Look out!!So Jennifer Garner went on Ellen today and pretty much confirmed my suspicions that being a parent is disgusting. The Butter actress and mom of Violet, 6, Seraphina, 3, and Samuel, 7 months, admitted that her son pees in her eye, to which I say, eew. I know some of you wonderful mothers out there are probably nodding with understanding as you wipe your child's urine from your face, but to a non-parent like m'self, news that that can happen came as kind of a shocker. One minute Jennifer's talking about how virile Ben Affleck is (yesss), and the next she's talking about pee pee going in her eye eye. Come on! It was a total bait and switch. But! There's light at the end of this wee-wee-soaked tunnel.
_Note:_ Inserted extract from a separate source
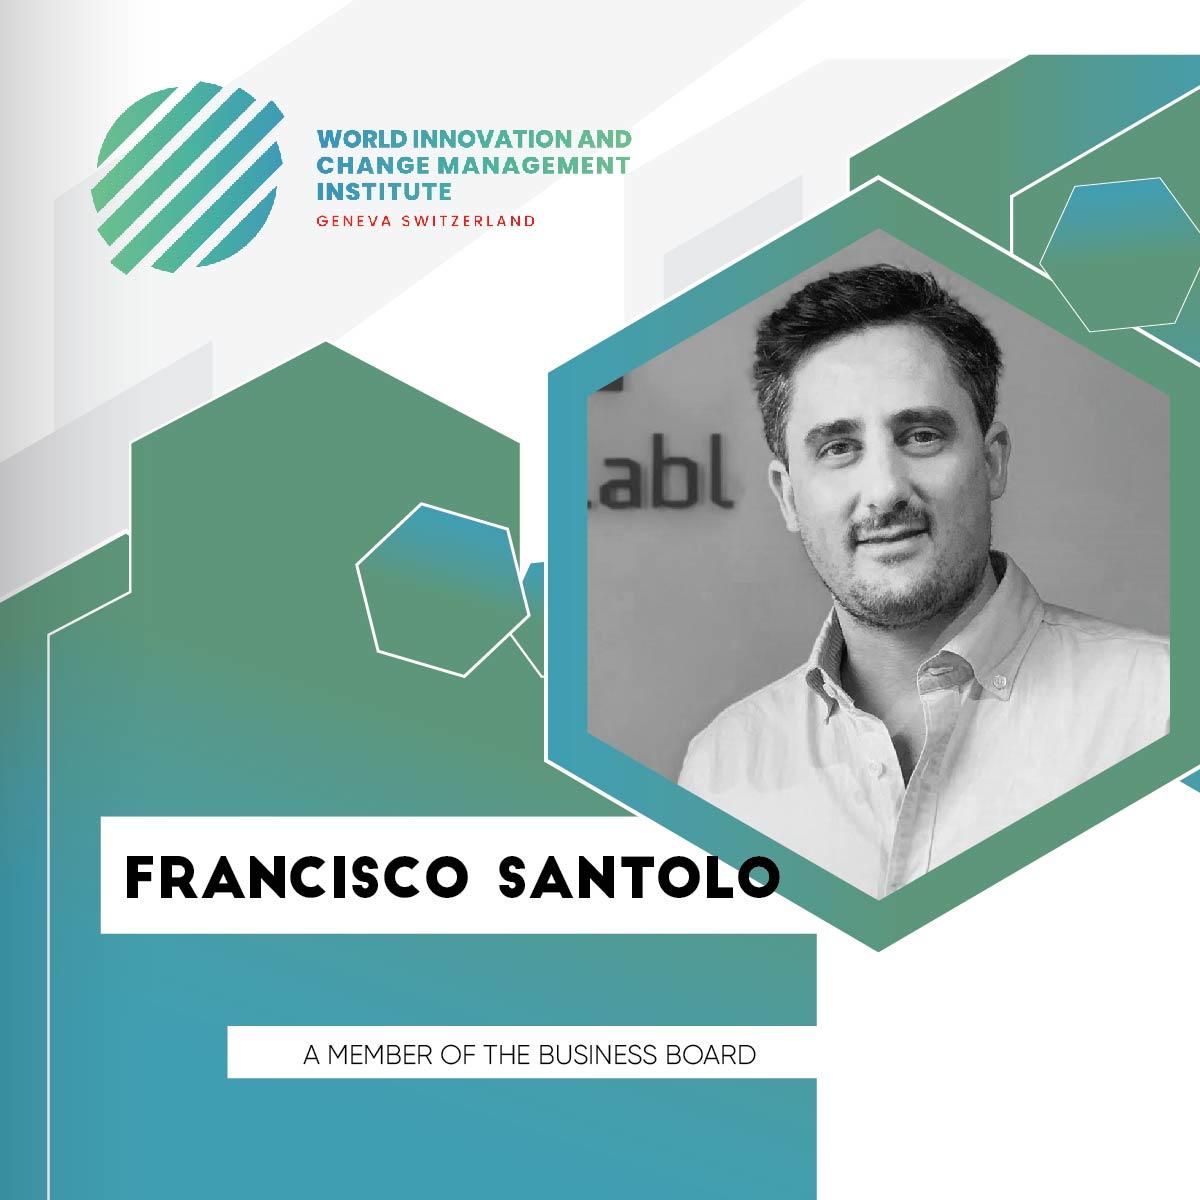 Dr Francisco Santolo

Garner explains that there's a benefit to having daughters over having sons: "I mean, they didn't pee in my eye."
Boom. There it is. If you wanna have kids but you don't want to have someone spray whiz in your face, have girls. It's simple, it's genius, it's a game-plan I can get behind.
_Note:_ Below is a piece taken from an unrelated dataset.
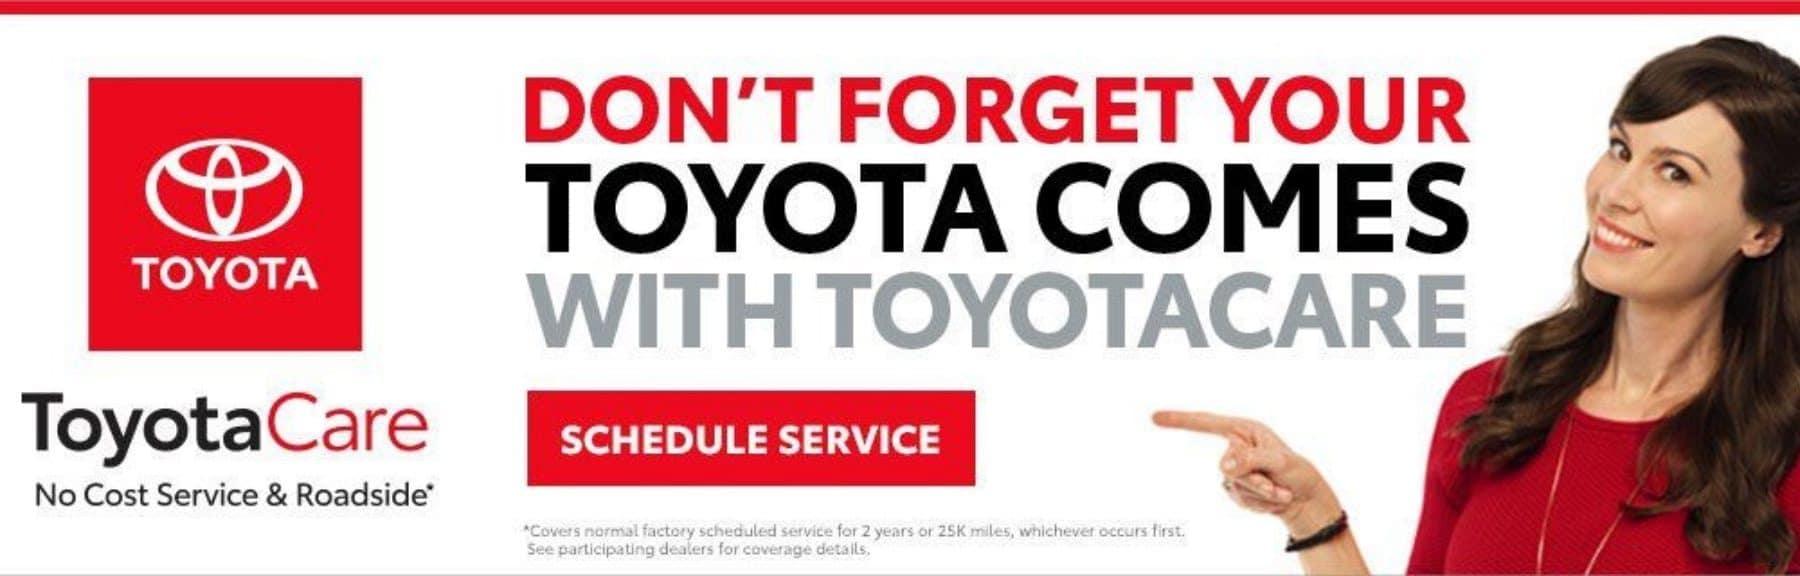 Toyotacare

I mean, I'm a girl and I can say with a lot of confidence that I've never peed on Jennifer Garner's face. Girls just don't do that sort of thing. We're nice and well-behaved like that.
Jennifer went on to say that she sometimes sets pee-happy Samuel down then forgets where she put him:
I don't know if it's because he's my third and I forget that I have him ... You know you're just dealing with two and then you think, "I put a baby down. I swear I put a baby down somewhere." And you kind of walk through the house. "There you are!" He's just happy as can be.
Aw, that's cute. But, like, I mean, I don't want to be all whatever or anything, but, you know, who knows -- maybe Samuel's peeing in Jennifer's eye to get back at her for leaving him in random rooms of the house all alone? Stranger things, that's all I'm saying really, stranger things have happened.
Now, about Ben's virility ....
What took you by surprise when you were raising your son?